Your grandfather's colostomy bag does not make you an expert on my medical situation.   And unless you have stage IV rectal cancer, no you don't.

That reminds me of when my dog/cat/gerbil had a tumor on her leg.
I'm sure that was heartbreaking for you.

God doesn't give us more than we can handle.
Define "handle."

OMG, I have/had cancer too! Let's be best friends.
Please stop weeping on my neck.

I know you don't want to talk about it, but I really need to.
Get a therapist.

Cancer rates go up the less you exercise.
You're right. It's my fault I got cancer.

I am so impressed by how fearless you are.
Actually, I'm scared shitless, but I've gotten really good at hiding it.  I hear this one often as "well spouse".  Nobody can hear me cry in the shower.

I'm praying for you.
That kind of grosses me out.  Not working out, is it?

I feel awful, too! I have such bad allergies this time of year.
You win.

Everything happens for a reason.
I'm beginning to doubt your intelligence.  Okay, so why does MY husband have incurable cancer?

I had a friend who died from that same kind of cancer!
Wow, what a coincidence. Fuck you.  My favorite!!

And here's one that was actually said to me, "He could have died suddenly in a car accident.  At least you have a long time to say goodbye."

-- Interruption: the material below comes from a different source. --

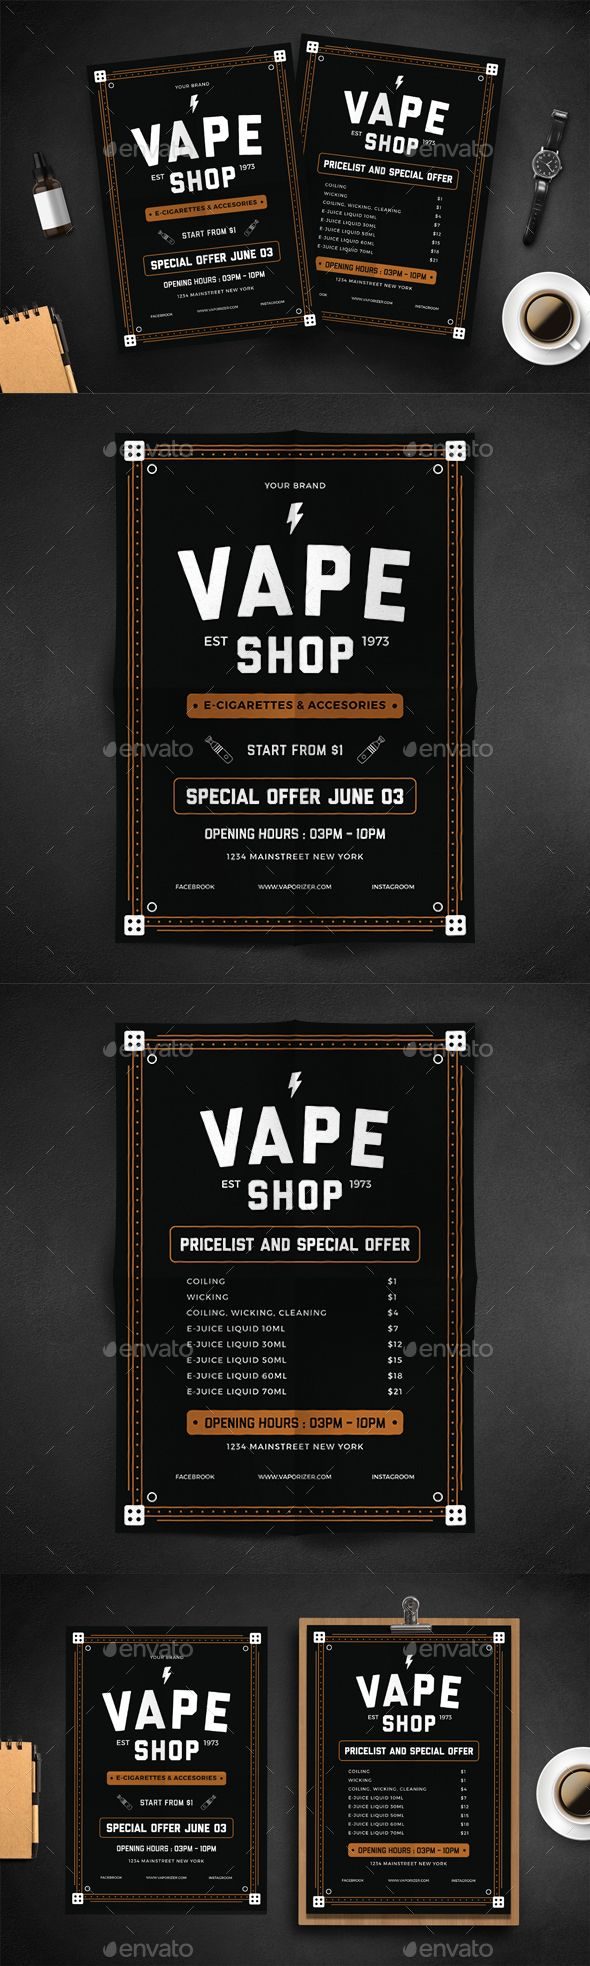 Vape Shop Flyer Menu Template PSD, AI Illustrator

Virginia C. McGuire received her first cancer diagnosis when she was ten years old. She has heard everything on this list at least once.

One day at a time

"In the present we have only one day at a time, each offering a minute at a time. But all the days of the past will come to your call: you can detain and inspect them at your will—something which the preoccupied have no time to do. It is the mind which is tranquil and free from care which can roam through all the stages of its life: the minds of the preoccupied, as if harnessed in a yoke, cannot turn round and look behind them. So their lives vanish into an abyss, and just as it is no use pouring any amount of liquid into a container without a bottom to catch and hold it, so it does not matter how much time we are given if there is nowhere for it to settle; it escapes through the cracks and holes of the mind," - Seneca.

Poor Seneca....wasn't he the Roman philosopher who was commanded by Nero to commit suicide? 
People have asked me, over brown bag lunches in the staff lounge at school, "How do you do it?  One day at time, I suppose?"  Meaning, how do I function with Mark's cancer looming over everything?  Well, I guess it is one day at time in a way.  I think they are hoping that I'll smilingly say, "Yes, because shouldn't we all be living one day at time, because after all, you know neither the time nor the place...." Nobody wants to hear sob stories or for Gods's sake, see me start to cry.  They would rather see me as this nobly stoic woman that I am not.

It's hard to live "one day at time".    For me, the tough thing is to be avoid constant preoccupation.  Not as Seneca said, with the day at hand, but with the future.  Living in the future for me is to give in to terrible visuals: Mark wasted, dying, unconscious, a funeral, left alone after all the condolences and friends have left, glad it wasn't their loved one, or even themselves.  The sounds: hissing oxygen, bleeping machines, nurses being terribly kind and gentle.  The silence of early grief and being a new widow.   I force myself to return to that one day, maybe even this one,  that is a better day than the one preceding: He looks a little better, ate a little more, was able to go somewhere without obviously being in discomfort.

And what if we never left this "one day at time" to call back the good (and bad) days of our past and sift through them with the pleasurable mistiness of memory?  That would allow cancer to define the whole of our lives.  And that would be the abyss into which we would vanish.